There are two historical weaknesses in the structure of the NHS. The first is that its centralised character has not tackled regional disparities in health. People in the northern cities were living shorter, sicker lives than people in the southern counties. The NHS did not tackle health inequalities, and today we are still playing catch-up. The second issue is the lack of democratic control. Ministers are not responsible for what goes on in hospitals. But the public has no say either. Just consider how hard it is to navigate the complaints procedure, or what happens when there is a major failure as at Stafford Hospital. The public are on the outside, looking in. It is left to the professionals to run the service.

In New Zealand, the Labour Government in 2000 experimented with elected health boards as a means of directing resources where they were needed most. Chris Ham at Birmingham University wrote a piece a few years ago which said a

‘lesson from New Zealand is the value of local people involved in health boards. The two-thirds of members elected by the public are chosen every three years, with elections held at the same time as those for local authorities. Turnout is around 40%, and most candidates stand as independents. New Zealand’s system has the twin virtues of engaging the community directly and avoiding the risks of over-centralisation to which the NHS is so prone.
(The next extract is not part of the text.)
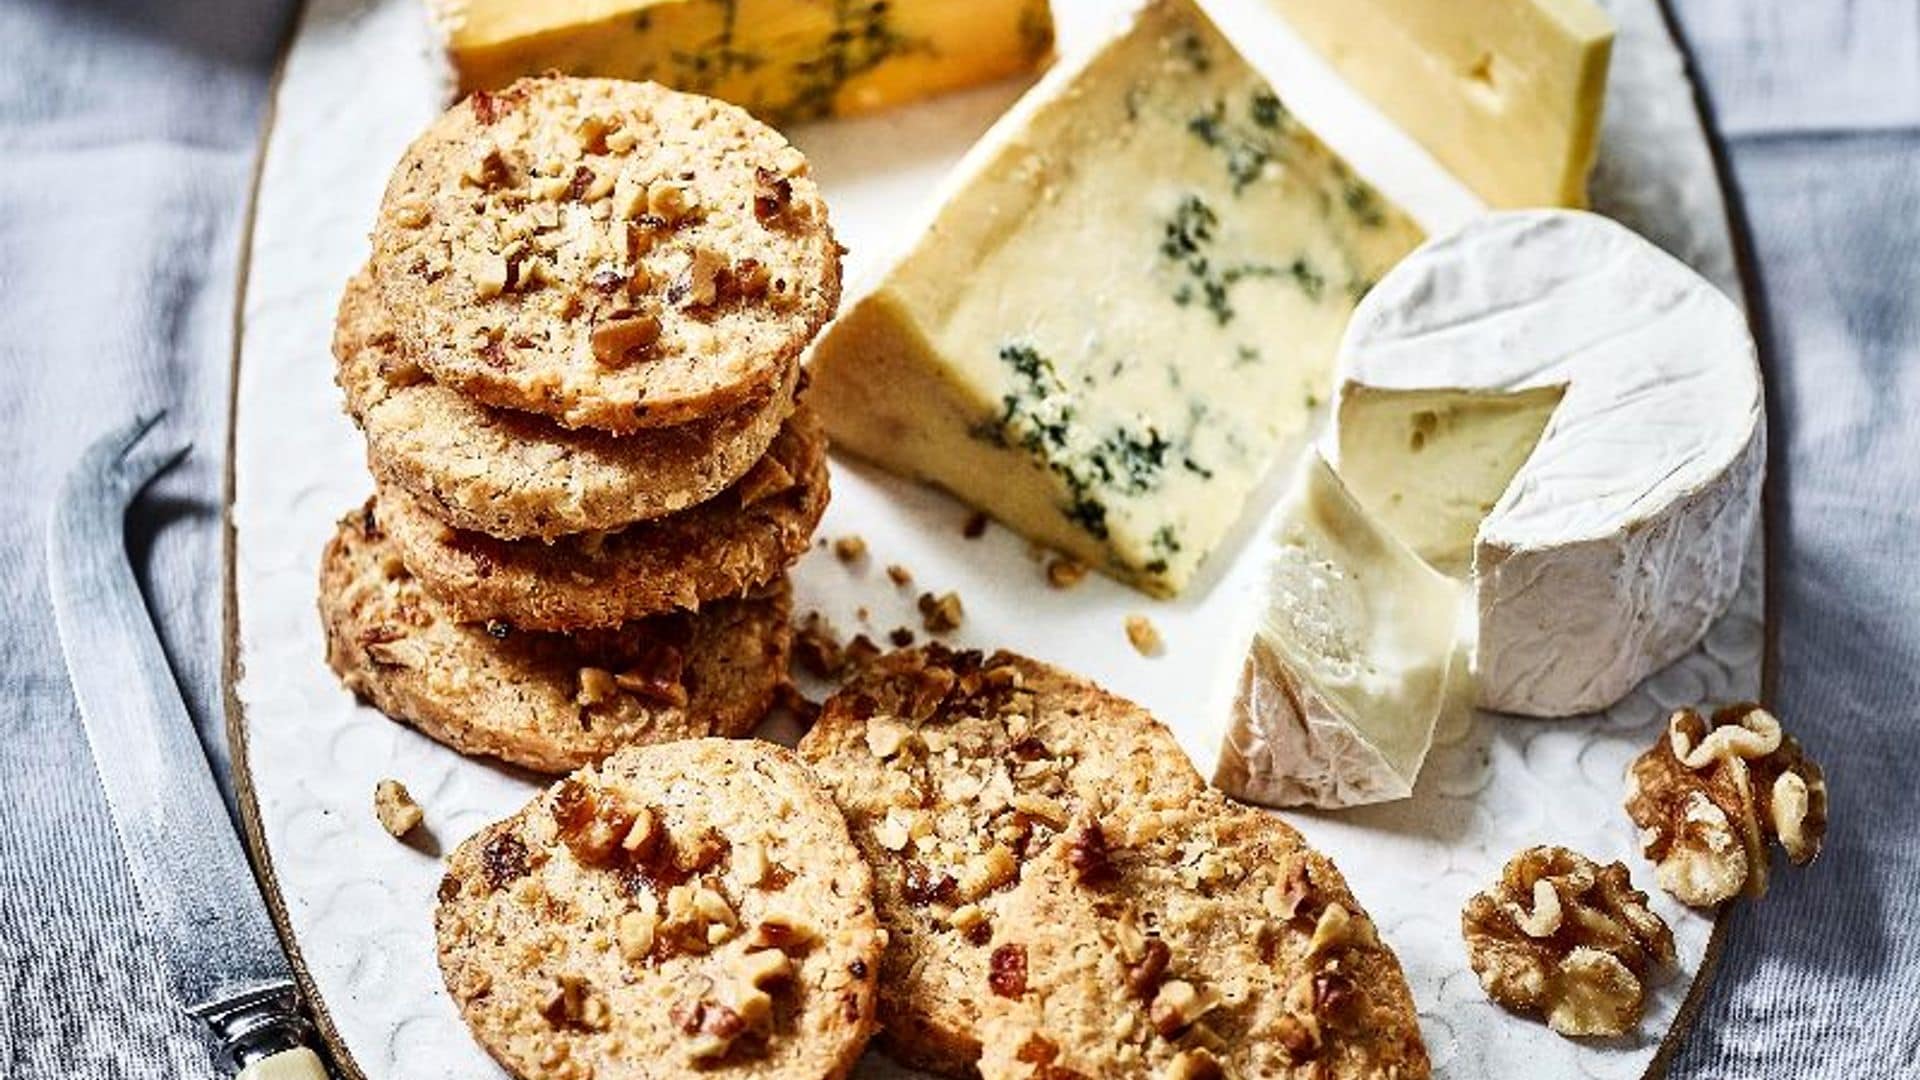 Tabla de quesos con galletas de nueces y albaricoque

There is a greater willingness to deal with the challenges of the health system at a local level, instead of pulling these challenges in to the government in Wellington.’

As a special adviser, I argued for elected health boards for the NHS. I met with Chris Ham to discuss his study-tour of New Zealand. The model I suggested was one third NHS professionals and experts, appointed by the Health Secretary, one third councillors, sent from local authorities, and one third directly-elected representatives of the local population. That model would allow direct, and indirect democratic involvement at the level of the PCT, but avoid the danger of ‘capture’ by the BNP or any other single group. It would have been for the NHS, and also good for local democracy too. The idea was strangled at birth by the Labour government’s centralising tendency, which was a shame. Even a line in a speech floating the idea at the Labour conference was removed at the last minute.
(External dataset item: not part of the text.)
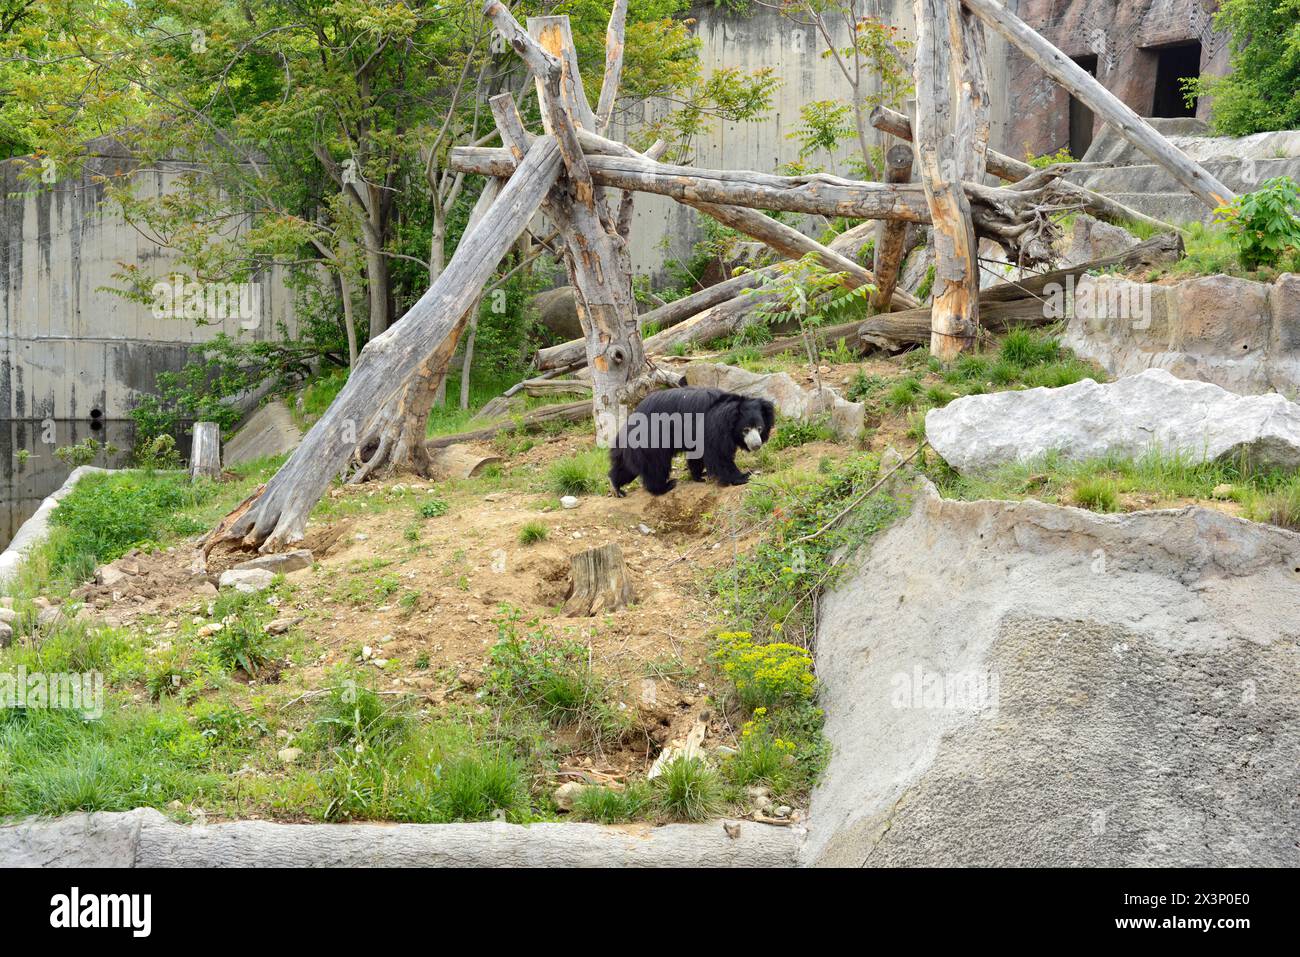 Faulbär Melursus ursinus oder indischer Bär in seinem Gefangenengehege im Zoo von Sofia, Sofia Bulgarien, Osteuropa, Balkan, EU Stockfoto

I was reminded of all this this week, when I was making a presentation at the Royal College of Nursing (RCN). Looking at the health section in the Coalition Government’s Agreement, hastily put together during the negotiations after the general election, there it was:

‘We will ensure that there is a stronger voice for patients locally through directly elected individuals on the boards of their local primary care trust (PCT). The remainder of the PCT’s board will be appointed by the relevant local authority or authorities, and the Chief Executive and principal officers will be appointed by the Secretary of State on the advice of the new independent NHS board. This will ensure the right balance between
locally accountable individuals and technical expertise.’

I hope that this is one pledge that the Conservative-led coalition delivers on. Labour should sign up to it, not oppose it in Parliament, and prepare Labour candidates to stand in every Primary Care Trust area on a platform of defending the NHS.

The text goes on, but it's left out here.